Матрена баяла, на ходу приводя в порядок горницу. Сундуком отставив зад, одергала половики, покряхтев, взлезла за лампадой и подлила масла, вновь ея затеплив. Оттащила заволоку с окна.
Наконец она повернулась к Феодосье.
– А ты чего бруснелая эдакая, как веником банным тебя по роже отхлестали? Чего забагрянилась-то? Уж не заболела ли?
– Безстыдие аз совершила, – вдруг торопливо промолвила Феодосья.
– Какое безстыдие? Али портища у тебя длятся? Так то не грех. Сейчас рубаху отмоем, перину отполощем…
– Нет, не крови у меня. Нет уж ничего.
– А с первыми нечистотами так и бывает. Другой раз через месяц будут. Месяц на убыли был, так жди, когда сызнова убывать будет. Значит, со дня на день нечистая и будешь.
Бормоча и размышляя о своем, Матрена тут же позабыла про слова Феодосьи и, бая скорее из удовольствия поговорить, перешла к другому вопросу – состоянию чадца Любимушки.
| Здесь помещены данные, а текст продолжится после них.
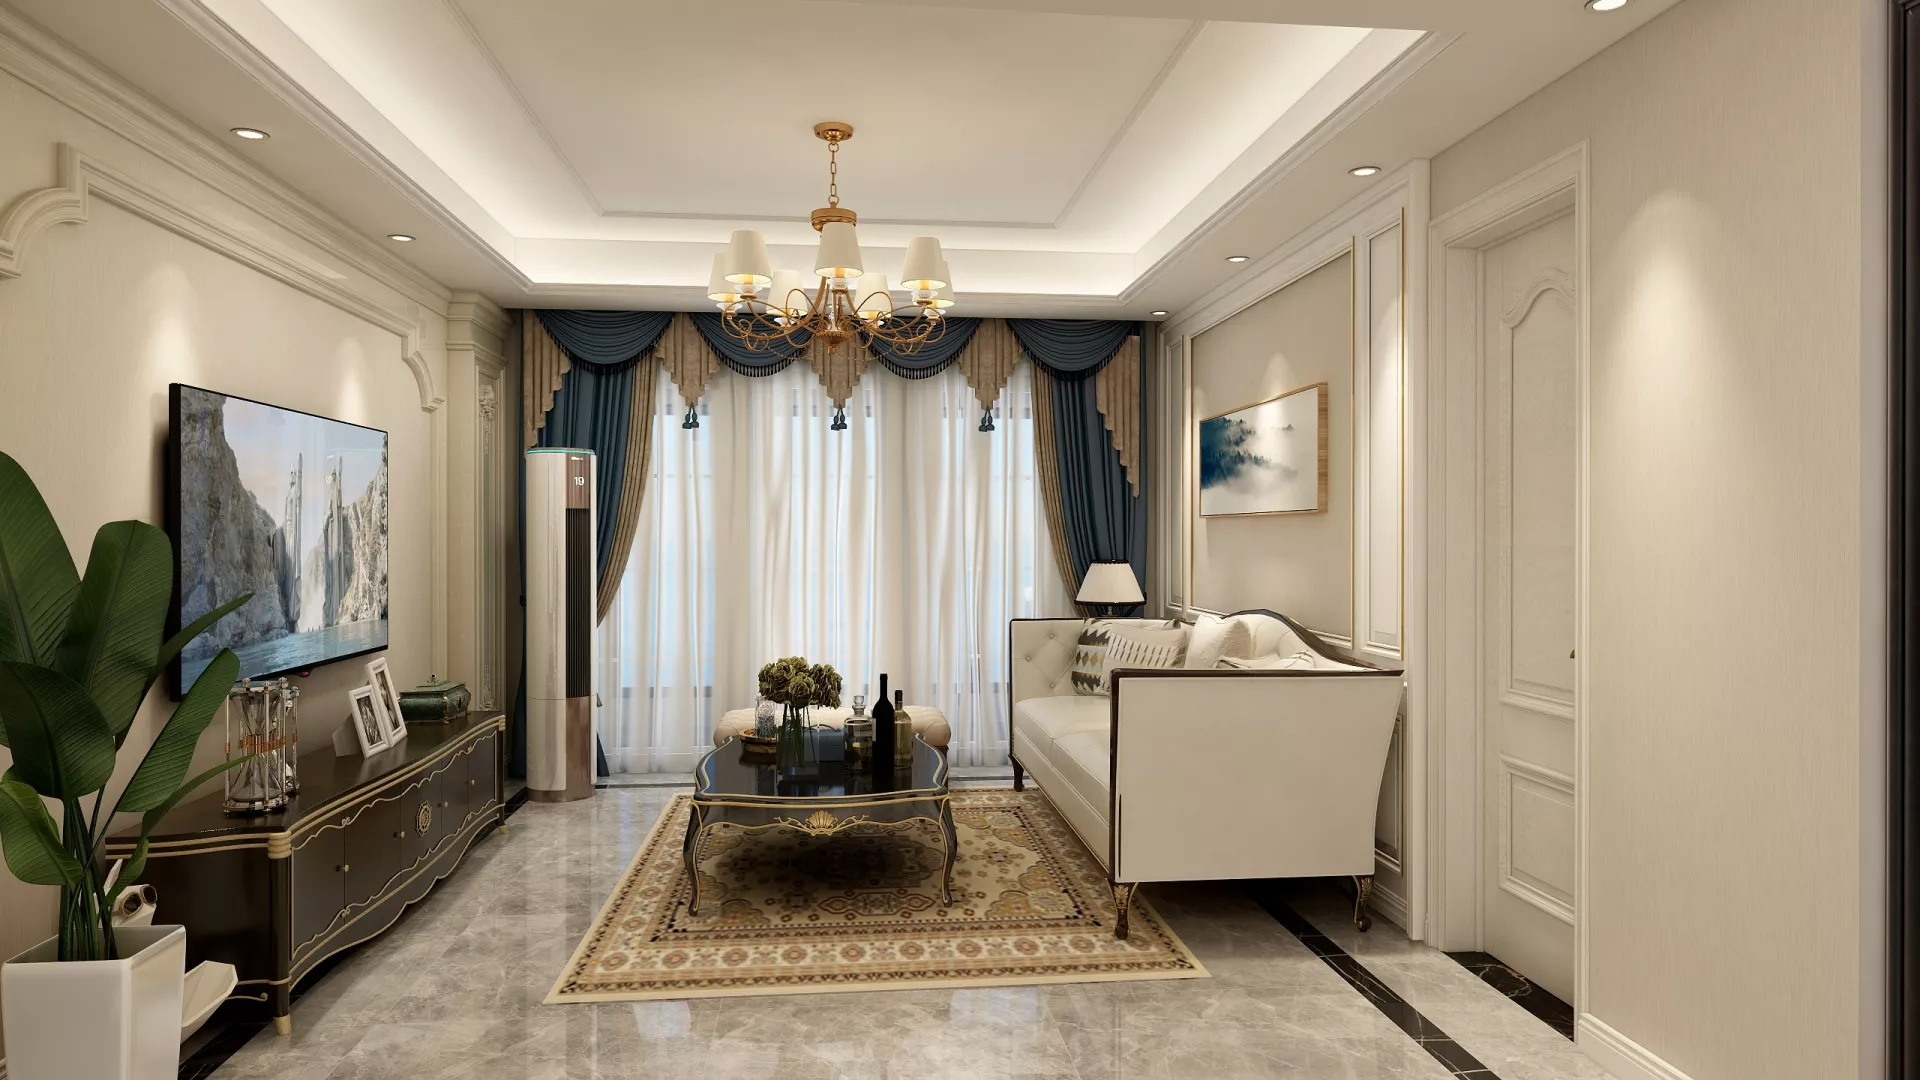 客厅隔断墙材质 客厅隔断墙设计方案

– Доил уж доилицу, спит сейчас. Ни пискнул ни разу! Хороший парень! Тьфу-тьфу, чтоб не оговорить! С гуся вода, с Любима – хвороба! Спаси его и сохрани, Господи. Сей час его особо оберегать надобно. Сей час, пока Любимушка не крещен, бес так и норовит подобраться. Уж мы с Василисой и не спали толком, а сразу утром – в церковь! К отцу Логгину зашли, доложились, потом в Спасо-Суморин собор поехали. Едем, да в потемках вдруг как вой да шум адский на нас обрушился! Мы так и повалились в санях! Кресты целуем, в голос молимся! А Ванька лошадь подхлестнул да нам кричит, мол, не бойтесь, хозяйки дорогие, это скоморохи поганые своим обозом из города выезжают, медведей на цепях волокут, жен венчанных и невенчанных тащат! Сей час последняя ихняя говняная повозка завернет на тракт, и мы тогда проедем. А и слава тебе, молвим мы с Василисой, Господи! Домна со двора, и говна за ней. Один грех от ихних скоморошьих позоров! Нет, все ж – таки занедужила ты, Феодосья, рожа аж пятнами!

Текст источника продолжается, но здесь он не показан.